Troj/Cimuz-O is a backdoor Trojan for the Windows platform.
Troj/Cimuz-O includes functionality to access the internet and communicate with a remote server via HTTP.
Troj/Cimuz-O acts as a proxy server, and may download and execute remote files.
When first run Troj/Cimuz-O copies itself to <System>\mdms.exe and creates the following files:
<System>\sporder.dll
<System>\mswsck2.dll
The file mswsck2.dll is detected as Troj/Cimuz-O when dropped correctly, though Troj/Cimuz-O may corrupted the file when it is dropped, turning it into a clean data file.
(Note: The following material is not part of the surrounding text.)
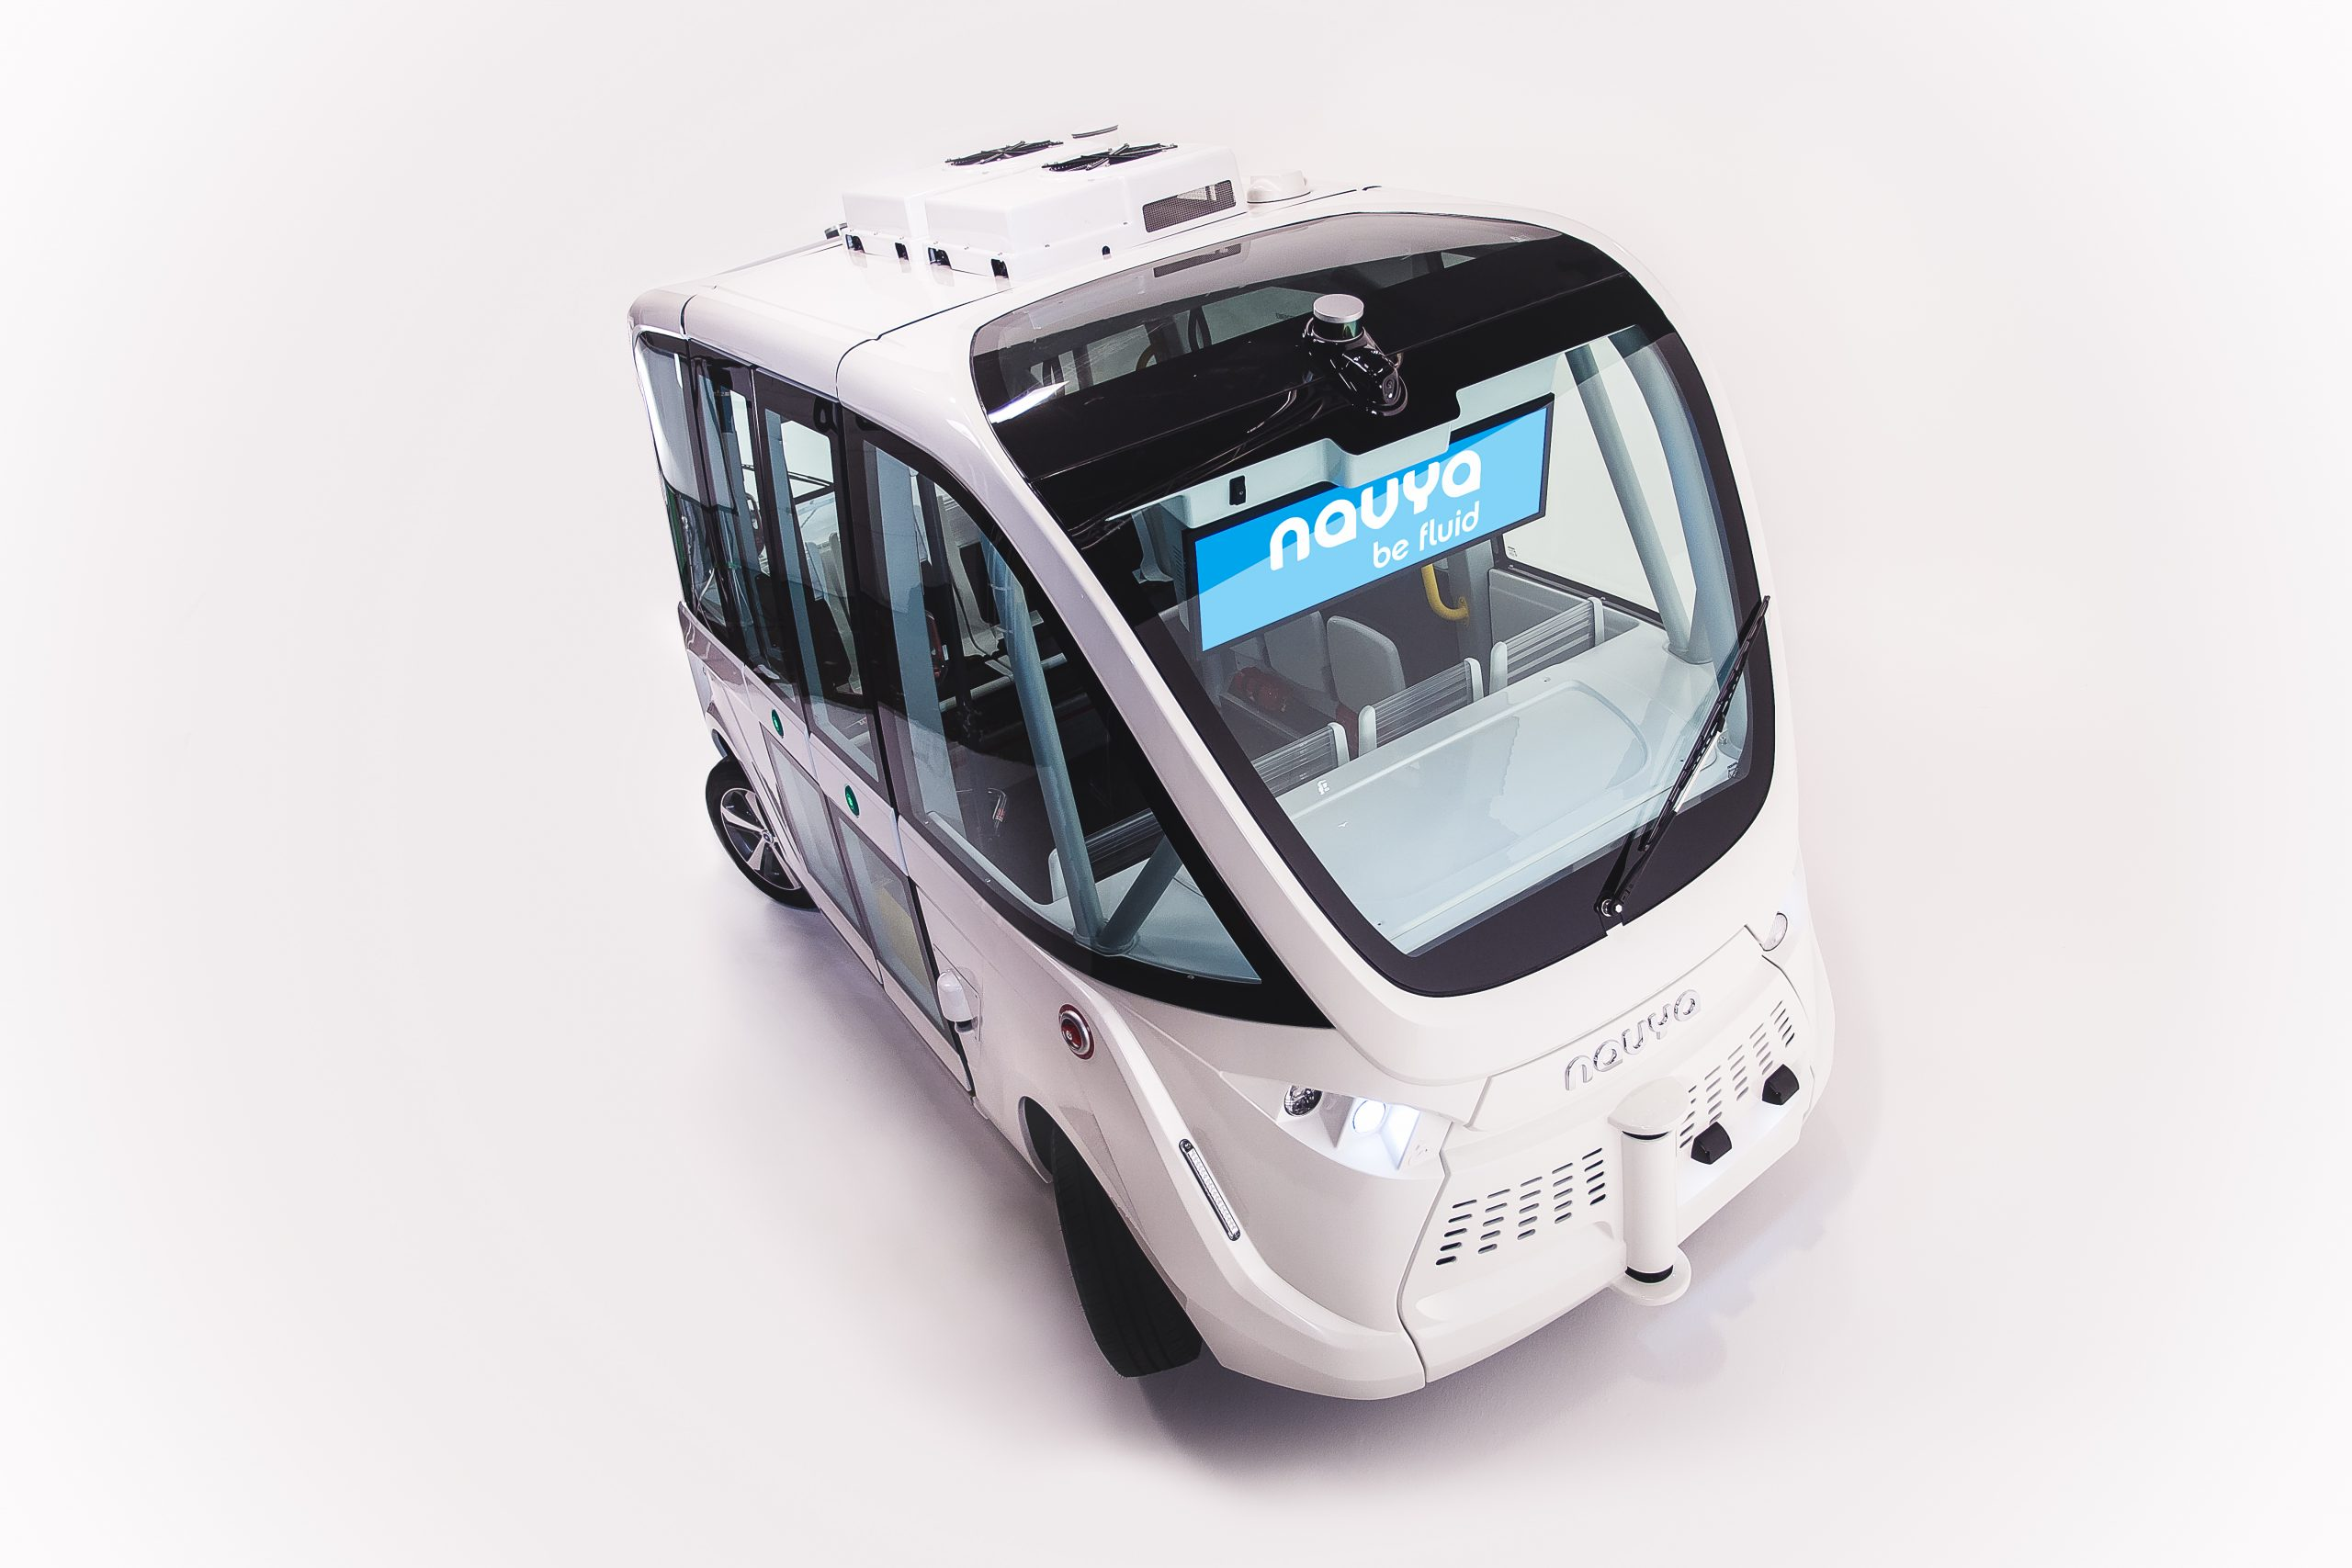 Autonome Busse- teilweise Draufsicht

The file sporder.dll appears to be a clean Windows dll.
The following registry entry is created to run mdms.exe on startup:
HKLM\SOFTWARE\Microsoft\Windows\CurrentVersion\Run
SysMemory manager
<System>\mdms.exe
Troj/Cimuz-O attempts to terminate processes, set registry values, and corrupt files related to anti-virus and security programs.
The following registry entry is set, allowing mdms.exe to bypass the Windows firewall:
HKLM\SYSTEM\CurrentControlSet\Services\SharedAccess\
Parameters\FirewallPolicy\StandardProfile\AuthorizedApplications\List\
<System>\mdms.exe
<System>\mdms.exe:*:Enabled:mdm_sysag
Troj/Cimuz-O may attempt to stealth its presence from certain processes.